More than ace, Mussina must be a monster

October 01, 1997|By Ken Rosenthal

SEATTLE -- Mike Mussina needs to turn into Bob Gibson.

Otherwise, the Orioles won't escape the Division Series.

They've got so much working against them, Las Vegas rates them underdogs even though they finished with the best record in the American League.

A split, that's their goal in Seattle.

But guess what?

A split might not be good enough.

Not with the struggling Jimmy Key pitching Game 3 at Camden Yards. And not with Mussina scheduled to pitch Game 4 on three days' rest, if necessary.

Manager Davey Johnson has not ruled out starting Scott Kamieniecki in Game 4 if the Orioles lead two games to one. Mussina could then pitch Game 5 on normal rest in another showdown with Randy Johnson.

However it turns out, Mussina needs to turn in at least one monster performance, and probably two. The Orioles are in such a difficult position, they can't win without an extraordinary effort from their ace.

How can they lose?

Let us count the ways:

The Kingdome. Opposing players consider it the most intimidating big-game park in baseball. The noise the Orioles will hear the first two games is unlike anything they've ever encountered.

The sudden change in intensity. The Orioles had little incentive down the stretch, struggling to a 13-16 record in September. Now they must turn it on against Johnson's 95-mph fastballs.

The right-handed lineup. This might be the Orioles' biggest concern. The Orioles hit 15 points higher against right-handers than left-handers this season (.273 to .258). The Mariners are starting lefties in each of the first three games.

The Seattle rotation. It's not just Johnson. Jamie Moyer is 4-0 against the Orioles the past two seasons. Moyer and Jeff Fassero were a combined 6-2 in September with a 2.66 ERA.

Randy Myers. The Orioles' bullpen rates a clear edge, but the Mariners give their closer fits. Myers has allowed 15 hits in 5 2/3 innings at the Kingdome the past two years.

The Orioles can argue each of those points. They play well on the road. They might benefit from the mental break. And Armando Benitez and Alan Mills could play huge roles against Seattle's heavily right-handed lineup.

Still, their world revolves around Mussina.

The series won't be over if he doesn't win tonight, but it would make his next start that much more important -- assuming that he even got another start.

A victory, on the other hand, would shift the entire psychology of the series, putting enormous pressure on the Mariners to win Game 2.

As if that's not enough, there's one other thing at stake:

Mussina's reputation.

Few consider him a big-game pitcher.

But he could change that perception forever tonight.

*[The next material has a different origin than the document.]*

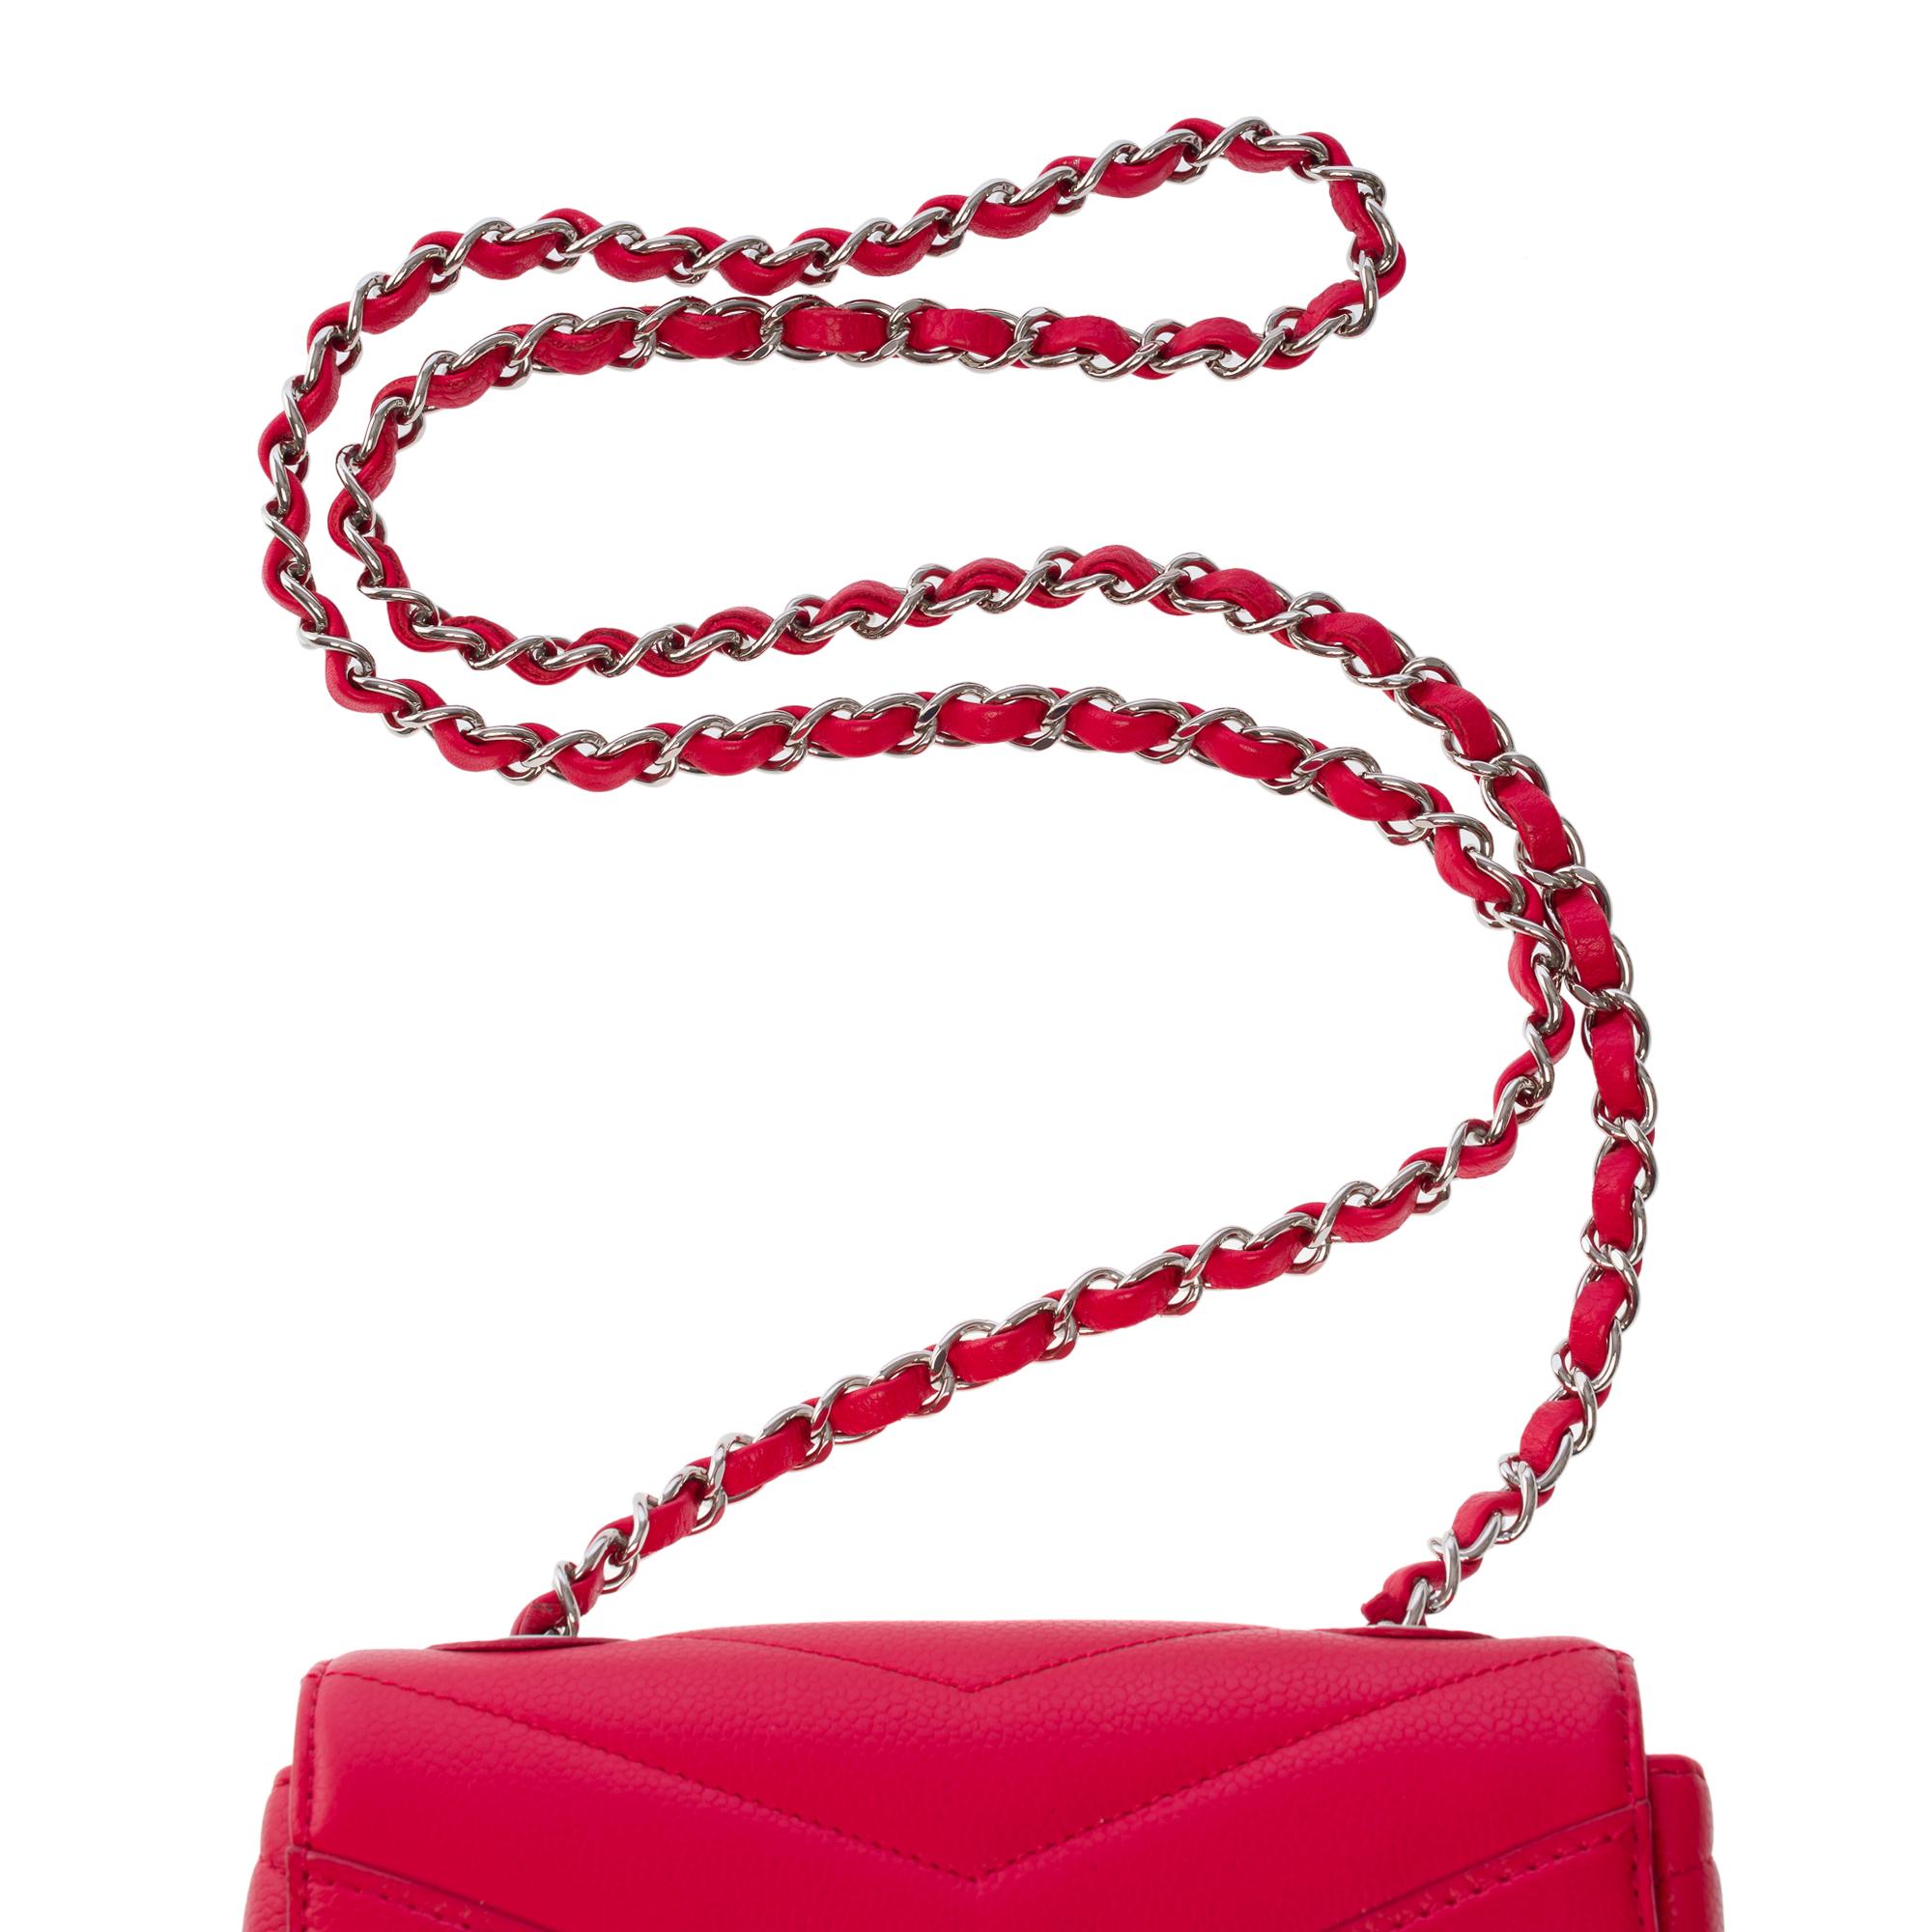 Chanel Mini Timeless shoulder bag in red herringbone quilted caviar leather, SHW For Sale 5

Mussina won several big games this season, pitching two near no-hitters, out-dueling Johnson on May 8, stopping the Yankees Sept. 13. But fairly or not, reputations are made in the postseason.

A year ago, Mussina started Game 3 of both the Cleveland and New York series. The Orioles did not win either game. But the experience he gained should prove invaluable.

For all Greg Maddux has achieved in his career, he was not an immediate success in the postseason. In his first four starts, he was 1-2 with an 8.10 ERA. In his 10 starts since, he's 7-3 with a 2.14 ERA.

"I feel experience is important," Mussina said. "I got a couple of games in last year. It's a different feeling [this time]. "I think it's going to be easier to handle the loud crowd and everybody hanging out in the clubhouse."

There's one other thing that might make it easier: Tonight,

Mussina is an underdog.

"That's when he'll be at his best," said HTS' Mike Flanagan, Mussina's former teammate and pitching coach. "When has he ever walked on a mound and not been the favorite? When? This is it.

"I look for him to do really well. He's always supposed to win. In this situation, he's not. The heat is not on him. The heat is on Johnson. I think he'll enjoy being the underdog."

Mussina said, "There's nothing wrong with being the underdog, nothing at all." He pitched against Johnson twice this season, earning a victory and no-decision. He's 8-1 against Seattle lifetime.

Everything sets up for him tonight.

The Mariners have evolved into a free-swinging team similar to the '96 Orioles. It's no coincidence that both those teams set the major-league home run record. Mussina often is clever enough to exploit such lineups.

He's fresh now, probably fresher than he was last October. Manager Davey Johnson did not use him on three days' rest down the stretch. Mussina pitched almost 20 fewer innings, made three fewer starts.

It might be different in Game 4 -- Mussina is 2-2 with a 5.25 ERA in five career starts on three days' rest. But pitching coach Ray Miller said at this point in the season, the adjustment would be minimal.

Gibson did it in '68.

Orel Hershiser did it in '88.

Johnson did it for the Mariners in '95.

Mussina is slightly built at 6 feet 1 and 185 pounds, but when you're the ace, you develop broad shoulders. To beat Seattle, the Orioles need Mussina to grow in stature. Just this once, they need him to become larger than life.